YOUR GOAL:
Of all the lines below, return only those starting with the line holding "SLV Bato 45 lampa sufitowa LED czarna" and going on through the line holding "binalar, bulutlar, gece, gökdelen", exactly as written.
EXTRACTED RECORDS Start Marker
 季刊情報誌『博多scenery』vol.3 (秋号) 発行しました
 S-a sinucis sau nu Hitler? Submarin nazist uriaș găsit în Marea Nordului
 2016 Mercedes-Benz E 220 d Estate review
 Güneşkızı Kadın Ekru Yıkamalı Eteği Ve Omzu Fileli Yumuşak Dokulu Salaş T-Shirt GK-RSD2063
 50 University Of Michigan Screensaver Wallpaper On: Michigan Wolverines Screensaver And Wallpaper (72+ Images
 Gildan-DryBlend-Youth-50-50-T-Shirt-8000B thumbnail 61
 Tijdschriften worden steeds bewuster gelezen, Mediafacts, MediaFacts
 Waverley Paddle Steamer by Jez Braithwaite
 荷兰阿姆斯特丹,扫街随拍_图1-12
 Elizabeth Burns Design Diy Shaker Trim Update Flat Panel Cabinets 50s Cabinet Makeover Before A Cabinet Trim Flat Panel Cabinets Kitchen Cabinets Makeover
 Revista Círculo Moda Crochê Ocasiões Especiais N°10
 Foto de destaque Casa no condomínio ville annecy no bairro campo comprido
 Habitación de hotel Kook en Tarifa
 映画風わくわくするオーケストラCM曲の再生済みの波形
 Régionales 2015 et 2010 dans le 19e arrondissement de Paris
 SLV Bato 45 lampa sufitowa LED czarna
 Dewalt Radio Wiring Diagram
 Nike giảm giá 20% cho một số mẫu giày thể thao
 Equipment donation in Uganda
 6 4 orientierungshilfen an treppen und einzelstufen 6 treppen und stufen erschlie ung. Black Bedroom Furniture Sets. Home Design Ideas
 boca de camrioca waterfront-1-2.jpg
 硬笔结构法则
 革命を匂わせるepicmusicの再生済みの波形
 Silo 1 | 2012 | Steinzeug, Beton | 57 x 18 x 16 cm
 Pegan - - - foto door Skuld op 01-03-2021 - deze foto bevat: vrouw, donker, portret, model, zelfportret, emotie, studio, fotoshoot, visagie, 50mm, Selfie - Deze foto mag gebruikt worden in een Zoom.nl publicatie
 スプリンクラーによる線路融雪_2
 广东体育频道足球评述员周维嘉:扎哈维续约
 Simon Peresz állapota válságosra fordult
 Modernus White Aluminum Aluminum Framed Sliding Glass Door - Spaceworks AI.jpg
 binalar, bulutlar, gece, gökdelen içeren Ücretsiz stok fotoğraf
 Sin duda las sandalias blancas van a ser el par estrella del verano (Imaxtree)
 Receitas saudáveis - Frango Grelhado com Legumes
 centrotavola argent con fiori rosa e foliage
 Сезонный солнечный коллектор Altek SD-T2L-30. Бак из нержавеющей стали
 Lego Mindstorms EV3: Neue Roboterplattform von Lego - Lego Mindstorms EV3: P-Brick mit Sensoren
EXTRACTED RECORDS End Marker
FINISHED EXERCISE:
 SLV Bato 45 lampa sufitowa LED czarna
 Dewalt Radio Wiring Diagram
 Nike giảm giá 20% cho một số mẫu giày thể thao
 Equipment donation in Uganda
 6 4 orientierungshilfen an treppen und einzelstufen 6 treppen und stufen erschlie ung. Black Bedroom Furniture Sets. Home Design Ideas
 boca de camrioca waterfront-1-2.jpg
 硬笔结构法则
 革命を匂わせるepicmusicの再生済みの波形
 Silo 1 | 2012 | Steinzeug, Beton | 57 x 18 x 16 cm
 Pegan - - - foto door Skuld op 01-03-2021 - deze foto bevat: vrouw, donker, portret, model, zelfportret, emotie, studio, fotoshoot, visagie, 50mm, Selfie - Deze foto mag gebruikt worden in een Zoom.nl publicatie
 スプリンクラーによる線路融雪_2
 广东体育频道足球评述员周维嘉:扎哈维续约
 Simon Peresz állapota válságosra fordult
 Modernus White Aluminum Aluminum Framed Sliding Glass Door - Spaceworks AI.jpg
 binalar, bulutlar, gece, gökdelen içeren Ücretsiz stok fotoğraf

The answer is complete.